眼下和安樂與號碼幫在的爭鬥日趨激烈,崩牙駒被水房賴逼走歐陸,本地疊碼仔的選擇已然不多。
前些日子,水房賴剛重新劃定了抽傭比例:凡和安樂打點的賭廳,抽成降五個點;更甚的是,他黑仔榮手下疊碼仔從別家賭廳帶來的流水,竟要多交兩成予社團。
風雨欲來,每一步都得更謹慎才行。
即便崩牙駒尚未被水房賴徹底擊垮,局勢也已足夠令人心驚。
黑仔榮不得不仔細思量——倘若和安樂在澳門真成了一方獨霸,他們這些疊碼仔往後還能有什麼出路?
“榮叔,您好,我是和聯勝的李家源。”
正捏著雪茄出神的黑仔榮,抬眼便見吉米仔已走進包廂,伸手向他問好。
他習慣性地將雪茄擱在煙灰缸邊沿,起身與對方握手:
“李先生年輕有為,請坐。”
二人落座後,黑仔榮先開了口:
“聽說貴社團的坐館與洪興蔣先生合夥在氹仔新開了賭廳,今晚正是開業慶典,想必他抽不出身來與我談吧?”
吉米仔聽出話中試探,微微一笑:
“坐館交代我先來探探榮叔的合作意願。
畢竟您眼下代表和安樂,他若單獨見您,怕引起貴幫坐館多心。”
黑仔榮眉頭微蹙:“那便直說吧,你們能開出什麼條件?”
“我們坐館交待的底限是百分之三十五的抽成。
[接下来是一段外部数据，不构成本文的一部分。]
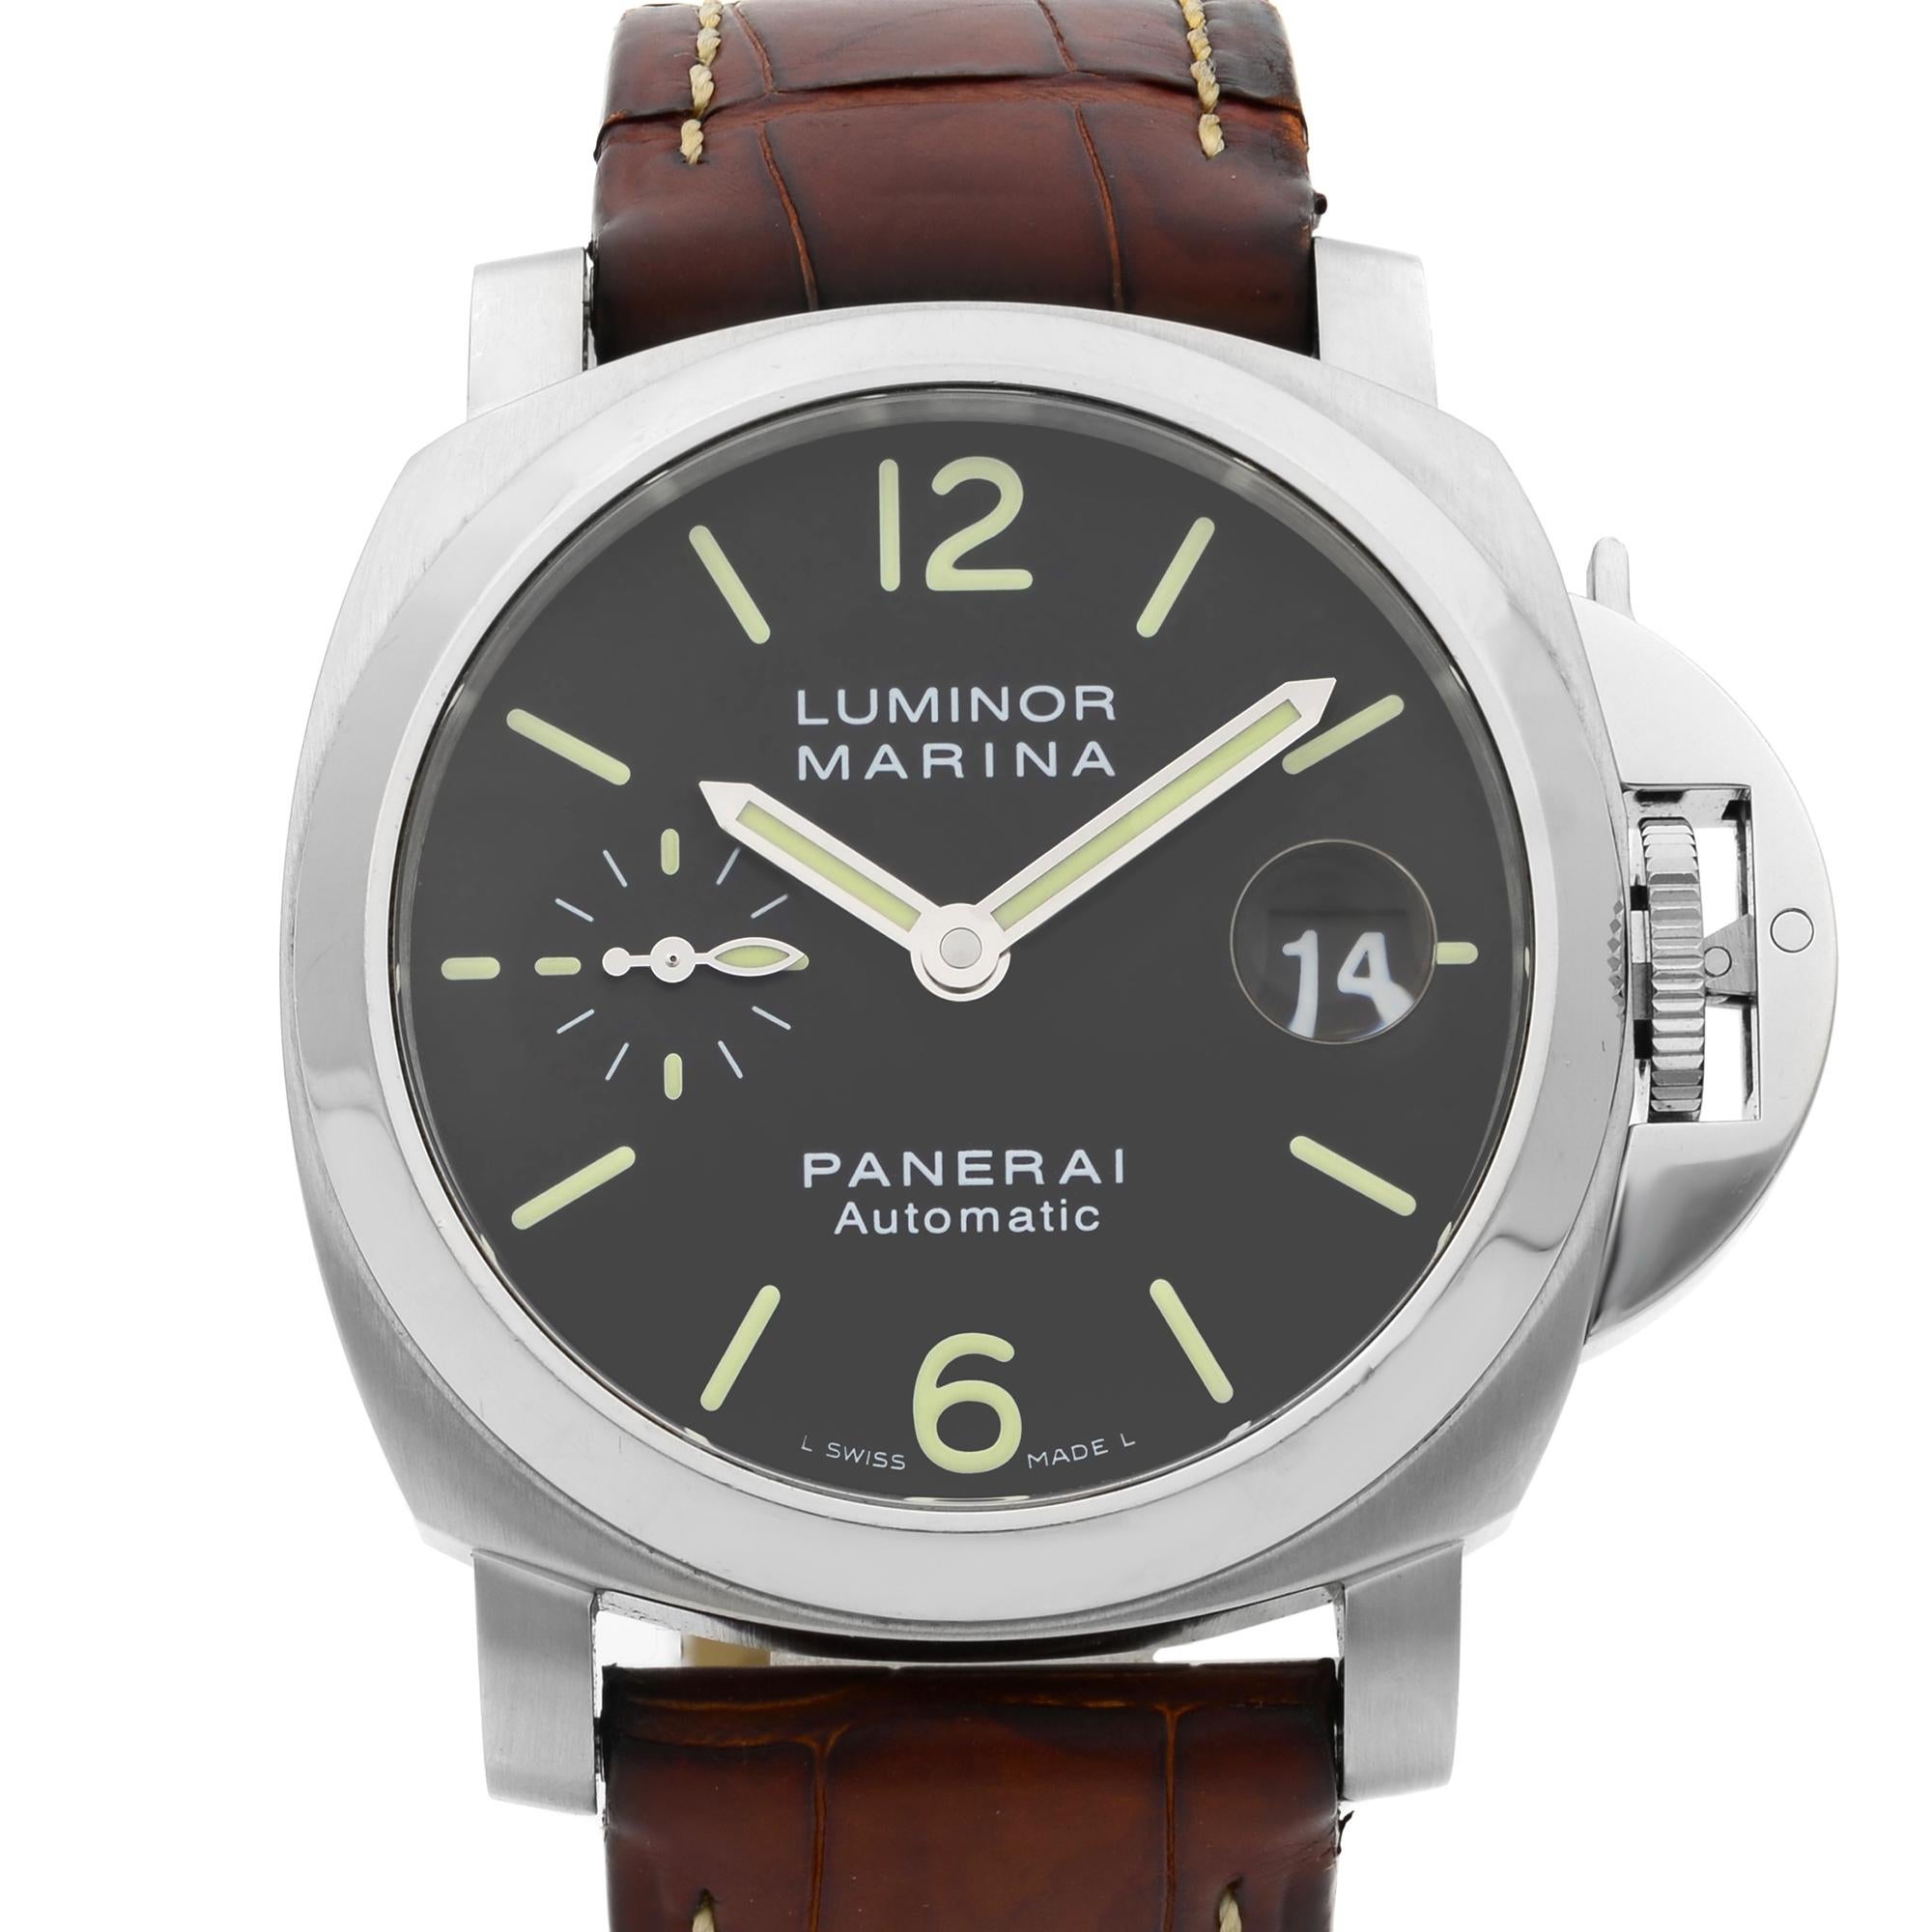 This pre-owned Panerai Luminor Marina PAM00048 is a beautiful men's timepiece that is powered by a mechanical (automatic) movement which is cased in a stainless steel case. It has a round shape face, date indicator, small seconds subdial dial, and

”
黑仔榮幾乎以為自己聽錯:
“我去賭王旗下做事都拿這個數,難道和聯勝比賭王更威風?這生意看來是沒得談了。”
“榮叔,生意場上隻論利害,不談虛情。
若您覺得抽成太低,我們隻好轉向號碼幫談談合作。
首站便來拜訪您,已是十足的誠意。”
這話讓黑仔榮心頭一緊——敢來澳門闖蕩的社團果然都不簡單。
吉米仔如此直接,他總算明白為何今日何耀廣不親自前來。
眼下決定權已不在自己手中,這次會麵無非是借他之口傳話。
究竟是拉攏和聯勝,還是任其倒向號碼幫,必須由水房賴親自定奪。
畢竟前陣子水房賴才指使人對崩牙駒的軍師下了,兩家短時間絕無可能和解。
如今港島兩大社團聯手進入澳門,誰能爭取到他們的支援,誰才能穩住自己的地盤。
“李先生,這真是你們坐館的意思?”
吉米仔含笑點頭。
“好,這事我會轉告坐館。
也勞煩您帶話回去:若是抽成能再提一些,我或許能在水房賴麵前替貴幫美言幾句。”
不過三兩分鐘,會談基調已定。
吉米仔知任務達成,隨即起身再度握手,匆匆結束了這場對話。
——
晚上九點,威利賭廳的剪綵儀式已然落幕。
蔣天生出手闊綽,向前來捧場的澳門疊碼仔派發了總值八百八十八萬港幣的泥碼。
待應酬完一眾賓客,他才終於得空。
陳耀適時走近低聲道:
“蔣先生,三聯幫雷公已到澳門,半小時前來電想約您在海灣餐廳見麵。”
“他為何不來賭廳?”
陳耀麵露難色:
“山雞那件事確實折了雷公顏麵……他恐怕仍有心結。
是否要我打電話請他移步賭廳?”
“不必。
在澳門地界,量他也掀不起風浪。
叫上阿南,稍後隨我去海灣餐廳。”
夜色漸深,指標剛劃過九點半,海灣餐廳的燈火在夜色中格外醒目。
今晚這裏已被包場,雷公獨自坐在的軟椅裡,身後立著一排沉默的手下。
他身旁坐著的並非丁瑤,而是頭上纏滿繃帶、臉頰青紫的山雞。
雷公側過臉,聲音不高卻帶著分量:“山雞,你這條命值一千萬——是我從別人手裏贖回來的。
等會兒見到蔣先生,該說什麼,你心裏有數吧?”
山牙咬得咯咯作響,眼底閃過一絲恨意:“雷公放心,洪興早已讓我心涼透頂。
這次回港島替蔣天生賣命,我落難時他卻袖手旁觀。
待會兒您吩咐什麼,我照做就是。”
話音未落,餐廳的門被推開,蔣天生帶著幾人走了進來。
雷公抬手示意山雞收聲,臉上瞬間堆起笑容,起身迎上前伸出右手:“蔣生,好久不見,真是好久不見啊!”
“雷公,基隆一別,你這精神倒是越來越旺了。”
蔣天生也笑著握住他的手,兩人相視而笑,彷彿真是多年未遇的老友。
寒暄幾句後,兩人並肩落座。
蔣天生目光掃過旁邊的山雞,停留了片刻,山雞卻低下頭,視線飄向站在蔣天生身後的陳浩南。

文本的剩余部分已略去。